1d) We therefore concluded that the newly identified genes are u

1d). We therefore concluded that the newly identified genes are under the direct control of MlrA. Note that besides the csgD promoter, the genes for two additional transcription factors, CadC and YrbA,

are also under the control of MlrA. If this is the case, Dabrafenib MlrA is located at a higher level in the hierarchy of the transcription factor network (Ishihama, 2010). To confirm the activating role of MlrA on the csgD promoter, we next measured csgD mRNA using the primer extension assay. The level of csgD P1 mRNA was low in cells at steady-state at the exponential phase of growth in LB medium (Fig. 4, lane 1). When MlrA was overexpressed using arabinose-inducible expression vector, csgD mRNA markedly increased even in the wild-type E. coli (Fig. 4, lanes 1 and 2). The enhancing effect of MlrA overexpression was also examined for a set of E. coli mutants, each lacking one of the transcription factors that are involved in the regulation of the csgD promoter (Ogasawara et al., 2010).

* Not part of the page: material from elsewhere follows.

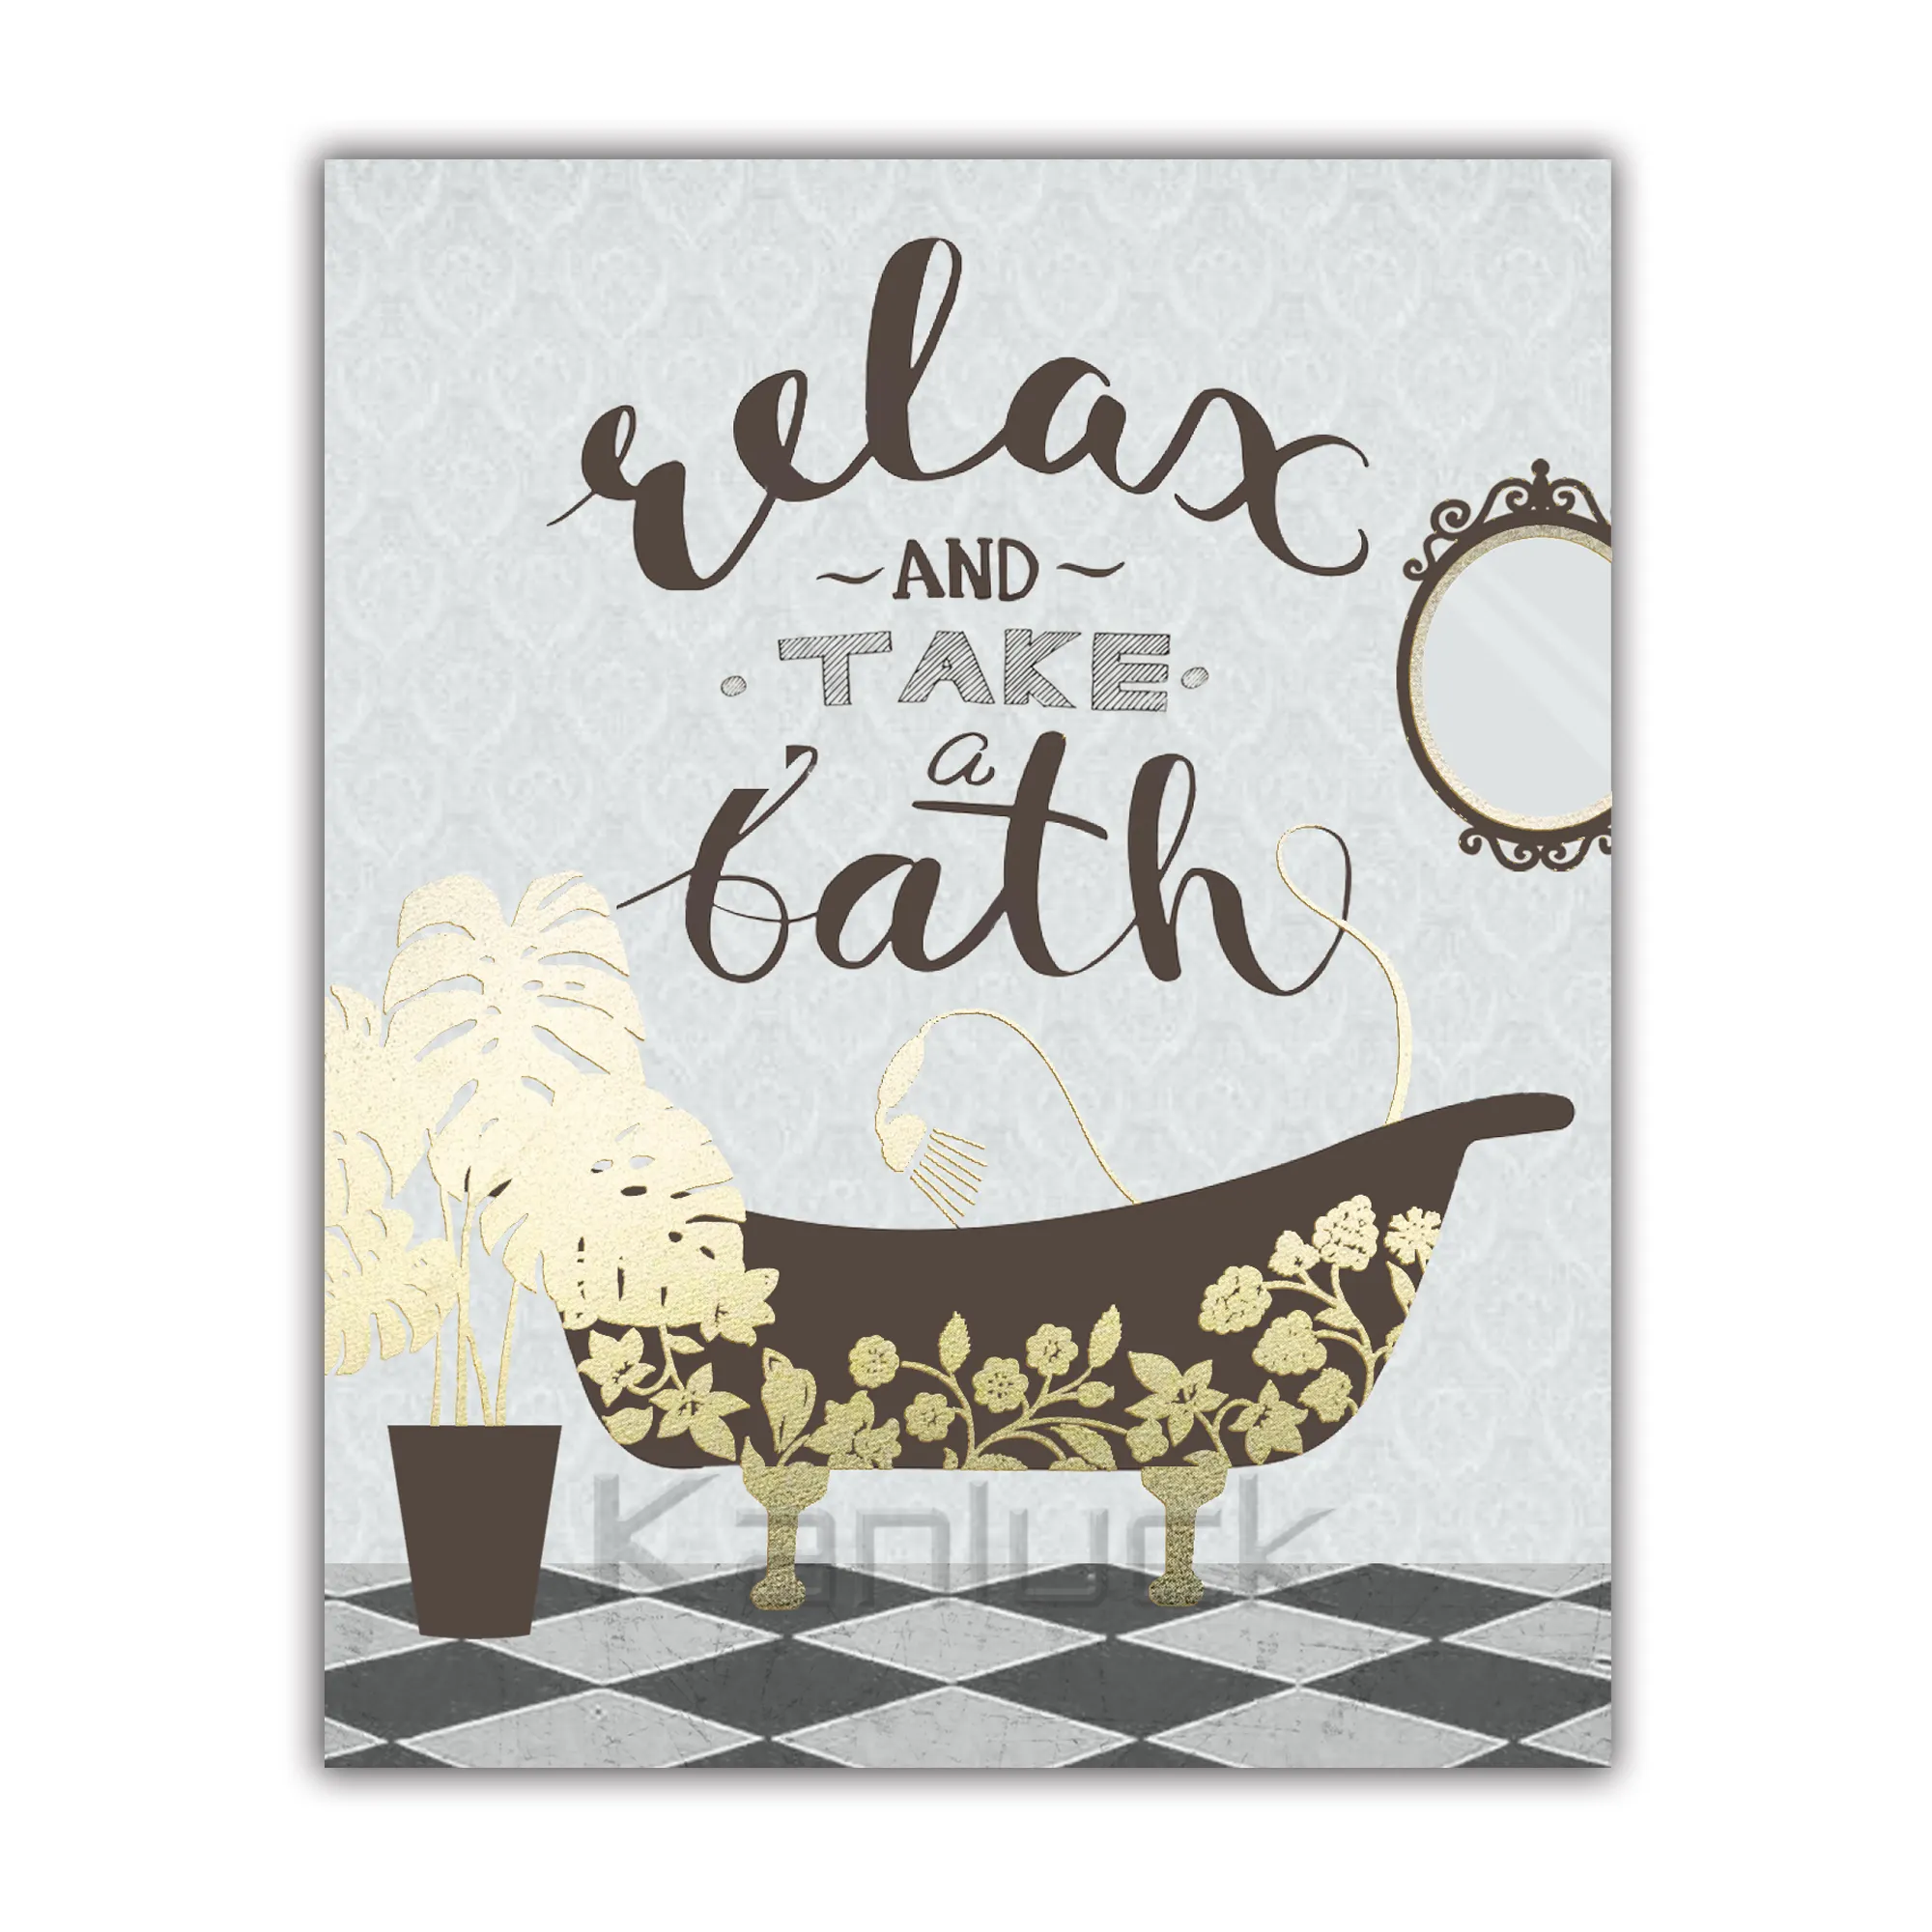 "Relax and Take Bath" Embellished Canvas Painting Art with Gold Foil for Bath Room Home Decor

In the presence of MlrA overexpression,

an increase of csgD mRNA was observed in the mutants lacking Crl (Fig. 4, lanes 5 and 6), H-NS (Fig. 4, lanes 7 and 8), RstA (Fig. 4, lanes 11 and 12), CpxR (Fig. 4, lanes 13 and 14) and RcsB (Fig. 4, lanes 15 and 16), indicating that MlrA functions independent of these regulators. In contrast, however, enhancement of the csgD promoter was not detected for mutants see more lacking OmpR (Fig. 4, lanes 3 and

4) and IHF (Fig. 4, lanes 17–20), both binding near the MlrA-binding site (see Fig. 2; also see Fig. 6). One explanation for the lack of csgD promoter activation in the mutants lacking OmpR and IHF is that MlrA requires these two activators for function. Promoter P1 is known to be recognized by RpoS sigma factor (Ogasawara et al., 2007a), and the activity Ureohydrolase of RpoS sigma is controlled by an accessory protein Crl (Bougdour et al., 2004). The induction level of csgD mRNA by MlrA overexpression in both the rpoS (data not shown) and the crl mutant (Fig. 4, lane 6) was as high as that in wild-type E. coli (Fig. 4, lane 2). This is not unexpected given that the csgD promoter P1 is recognized by both RpoD and RpoS (Ogasawara et al., 2007a). Escherichia coli contains an uncharacterized protein YcgE that exhibits an overall similarity of 76% to MlrA (Brown et al., 2001). We also tested possible functional replacement of MlrA by YcgE, but overexpression of YcgE did not affect the csgD mRNA level (data not shown). Together, these observations indicate that MlrA is a DNA-binding positive regulator of csgD transcription, but its homologue YcgE is not involved in csgD regulation. Both the reporter assay and primer extension analysis indicated the stimulatory role of MlrA on csgD transcription. If this is the case, the set of genes under the control of the CsgD global regulator must be activated in the presence of MlrA overexpression.